Gariwo
QR-code
https://it.gariwo.net/multimedia/conferenze/jewher-ilham-al-vertice-di-ginevra-per-i-diritti-umani-24500.html
Gariwo

Jewher Ilham al vertice di Ginevra per i diritti umani

la figlia di Ilham Tohti e il suo appello per gli uiguri nel 2020

"Vai. Non piangere. Non lasciare che pensino che le ragazze uigure siano deboli.”: queste sono state le ultime parole che mi disse mio padre il 2 febbraio 2013 quando lo lasciai in una stanza bianca all'aeroporto di Pechino e salii su un aereo per gli Stati Uniti. Stavamo andando all'Università dell'Indiana, dove mio padre era stato invitato come studioso. Avevo 18 anni.

All'inizio mi opposi: “Come posso lasciarti? Come posso andare negli Stati Uniti da sola? Non parlo nemmeno inglese…"

Ma lui insistette: "Guardati intorno. Guarda come ti sta trattando questo Paese. Vuoi restare ancora qui?"

Mio padre, Ilham Tohti, è nato nel 1969 ad Artush, una piccola città nella regione uigura famosa per la presenza di grandi imprenditori. Era un uomo d'affari di successo, un economista, un professore all'Università Minzhu di Pechino e un convinto sostenitore dell'uguaglianza per tutte le persone. Parla molte lingue. È colto, un'anima compassionevole e un buon padre.

Prima del suo arresto nel 2014, trascorreva la maggior parte del suo tempo promuovendo il dialogo tra le minoranze etniche e la maggioranza Han in Cina. Ha viaggiato in molti Paesi, scoprendo che persone diverse possono vivere insieme in armonia. Voleva questo per la Cina. Mio padre ha creato il sito web Uyghurbiz.com in modo che gli Han potessero comprendere i molti aspetti della vita uigura: una ricca cultura, una bella lingua, oltre a disparità sociali ed economiche. Tutto questo è stato uno sforzo in buona fede per contrastare l'immagine dei media e dei libri di testi scolastici della Cina che ritraggono gli uiguri come borseggiatori, ladri e ora violenti estremisti.

Mio padre fu trattenuto per tre giorni dopo che ci eravamo scambiati l'ultimo saluto all'aeroporto internazionale di Pechino. Trascorse i successivi 11 mesi agli arresti domiciliari. Parlavamo almeno tre volte al giorno, assicurandoci che l'altro fosse al sicuro e adattandoci alle nuove circostanze.

All'inizio le nostre conversazioni si concentravano sul tipo di cose di cui si preoccupano i padri quando la loro figlia è lontana. Come stavo mangiando? Come andava il mio inglese? Mi stavo facendo nuove amicizie? Era orgoglioso di me anche quando facevo le cose più piccole. Quando ho pagato la mia prima bolletta della luce, mio padre era felice di quanto stavo diventando grande. Presto però i discorsi leggeri divennero più seri...

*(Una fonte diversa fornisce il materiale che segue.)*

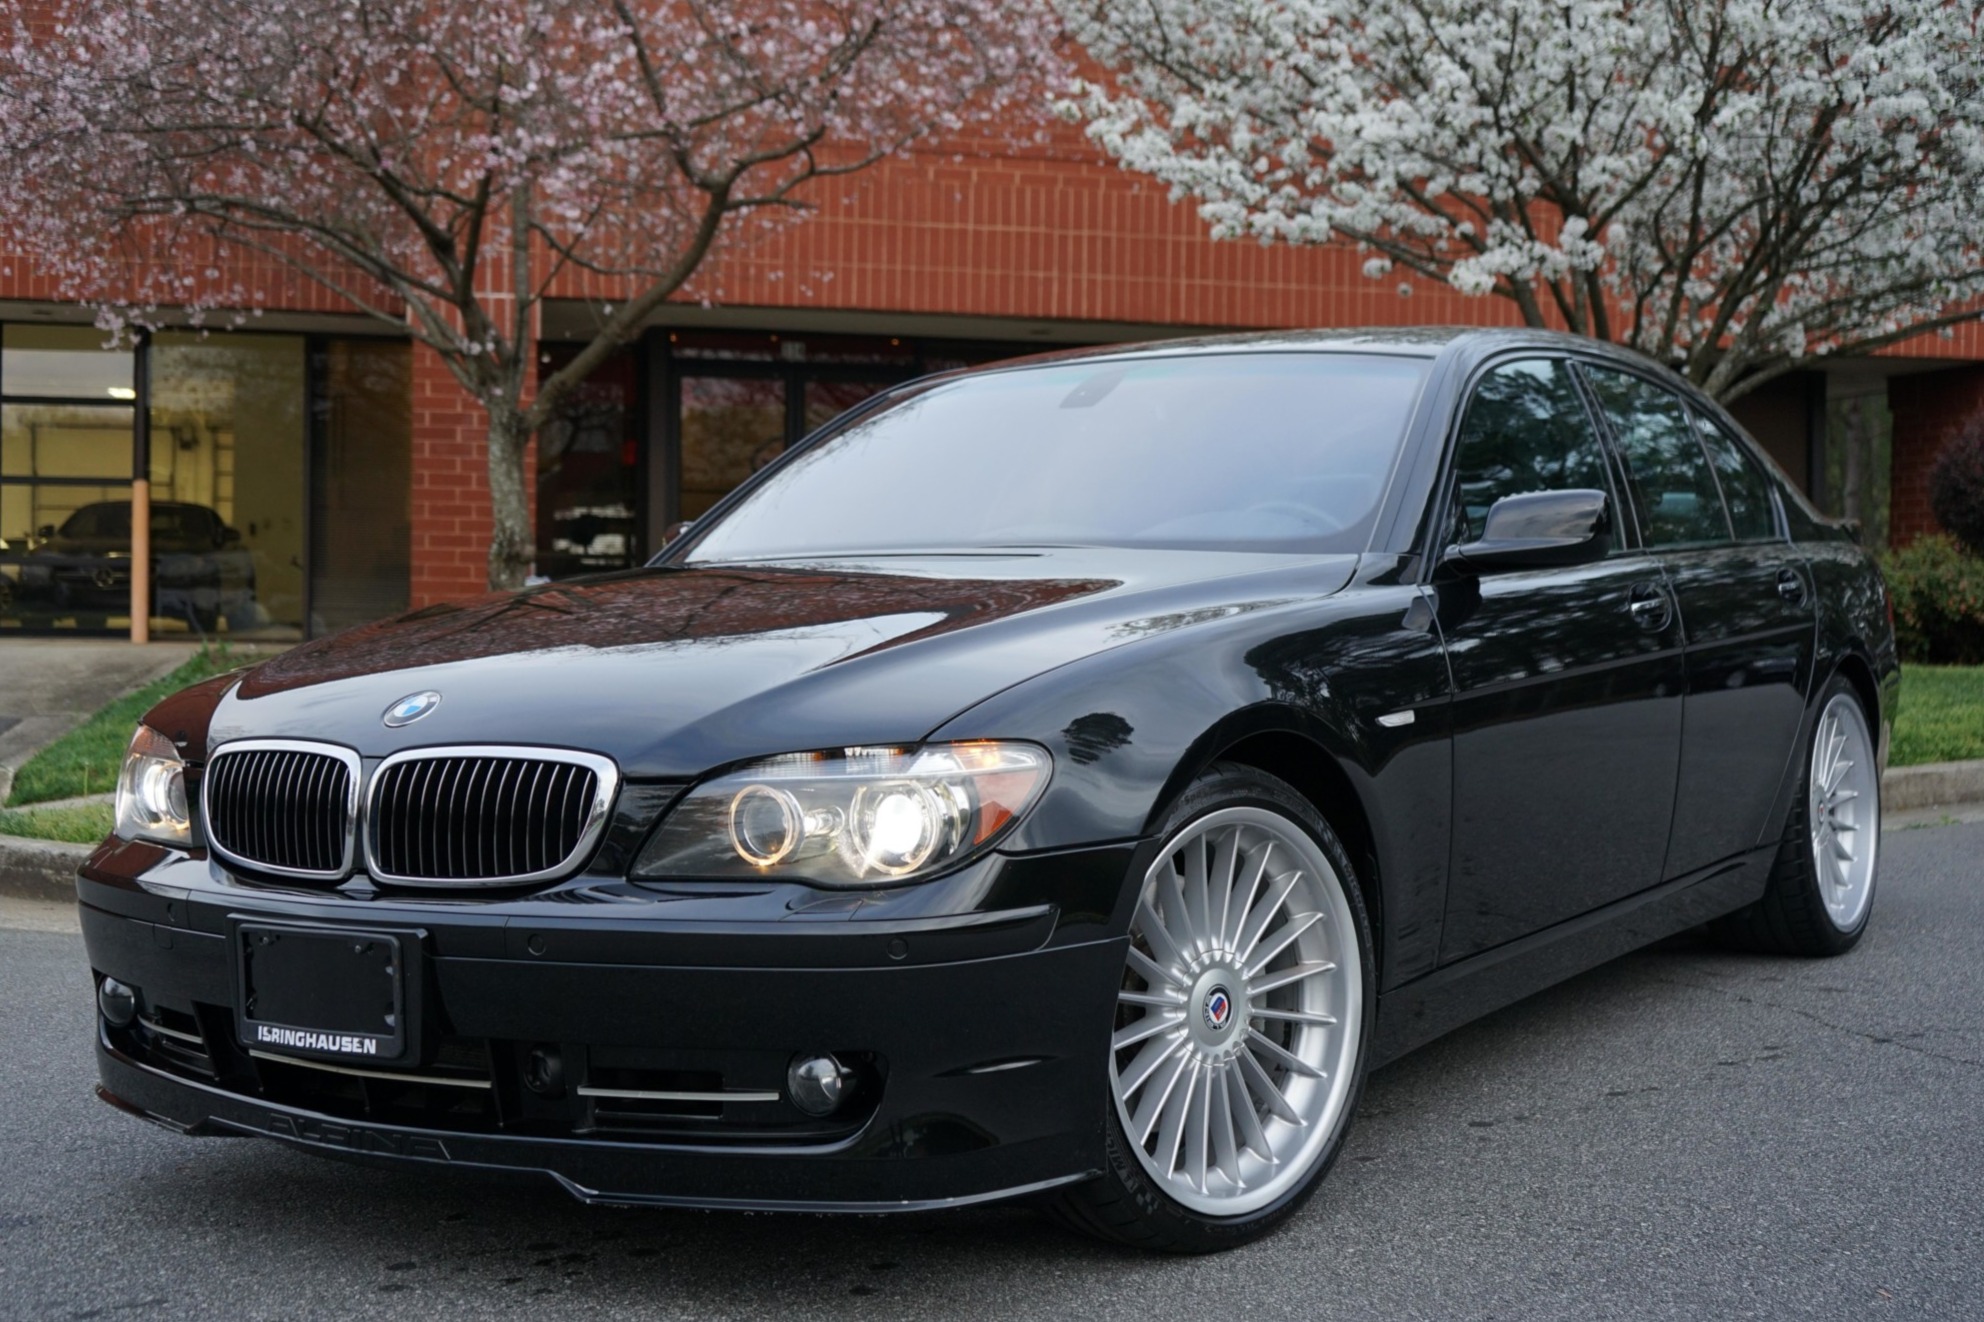 No Reserve: 2008 BMW Alpina B7 for sale on BaT Auctions - sold for $31,000  on April 1, 2020 (Lot #29,667) | Bring a Trailer

Qualche mese prima di essere portato via, il 15 gennaio 2014, mi avvertì che probabilmente sarebbe stato arrestato. Mi disse: “Creati un account Twitter e Facebook. Ne avrai bisogno un giorno. Papà ha molti amici in tutto il mondo. Alcuni li ho incontrati, altri non li conosco nemmeno. Ti aiuteranno. Non pensarci troppo adesso. Concentrati sui tuoi studi. Voglio prepararti per ciò che potrebbe venire”.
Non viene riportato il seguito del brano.